AVIF is a single-image format, so a multi-page .doc is rendered to one AVIF per page rather than one combined file. If you need every page bundled together in a single document, convert to a paged format with DOC to PDF instead, which keeps all pages in one file with selectable text.
The "Conversion Quality" setting controls render resolution: 300 DPI (the default) is sharp enough for most documents, while 400–600 DPI helps fine print and dense tables stay legible. Pick the DPI before converting — each AVIF has a fixed pixel count, so enlarging a finished image only blurs the pixels that are already there. Higher DPI produces larger files and takes a little longer to process.
AVIF is supported by browsers covering roughly 93% of users, including Chrome 85+, Firefox 93+, Safari 16.4+ (2023), and Edge 121+. Older browsers and some image viewers cannot display it, so if you need a picture that opens absolutely everywhere — including legacy software and email previews — choose DOC to JPG or DOC to PNG instead, which display universally.

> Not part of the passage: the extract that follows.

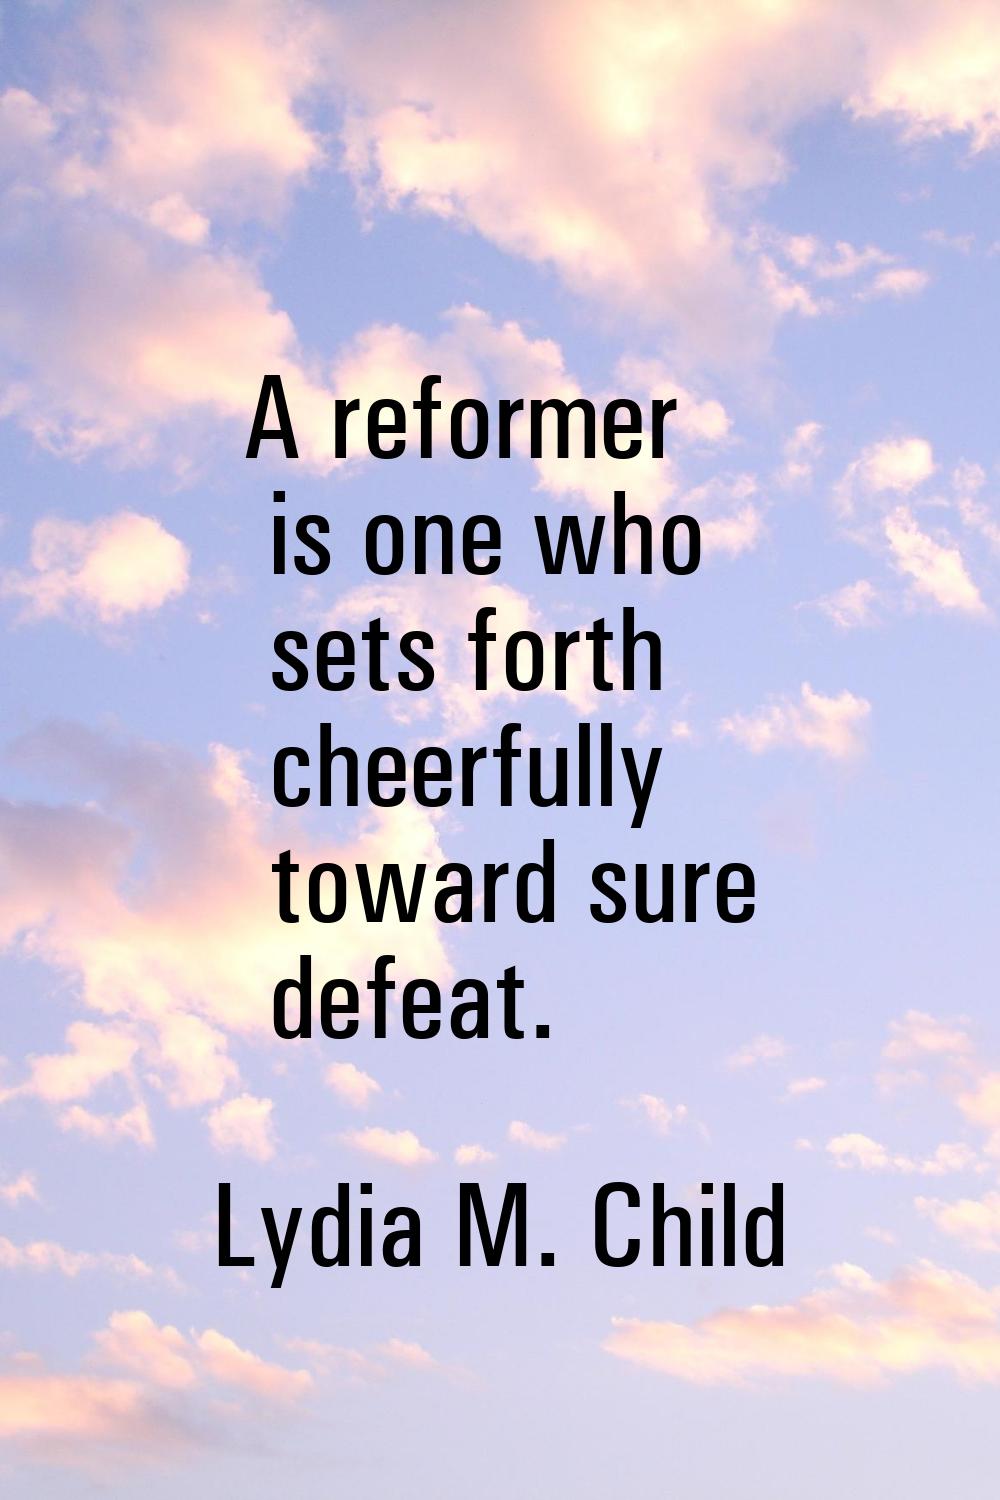 A reformer is one who sets forth cheerfully toward sure defeat.

Legacy .doc is an OLE2 binary format from the Word 97–2003 era, and a renderer can only reproduce fonts that travel with the file. Fonts embedded in the .doc come through faithfully; fonts that are merely referenced fall back to the closest available match, which can nudge line breaks and spacing. If a document misbehaves, modernize it first with DOC to DOCX and convert the cleaner .docx — the newer XML format is far easier to parse. If your file is already a .docx, use DOCX to AVIF directly.
Your .doc is uploaded over an encrypted connection and processed on our servers — there is no in-browser-only mode for this conversion. Files are deleted automatically a few hours after conversion and are never shared or made public; no account is required and the output carries no watermark. In our testing, a single-page styled .doc at 300 DPI renders cleanly to a compact AVIF, while documents with non-embedded fonts or heavy layering are more likely to substitute a typeface — spot-check complex pages, and keep your original .doc as the master copy.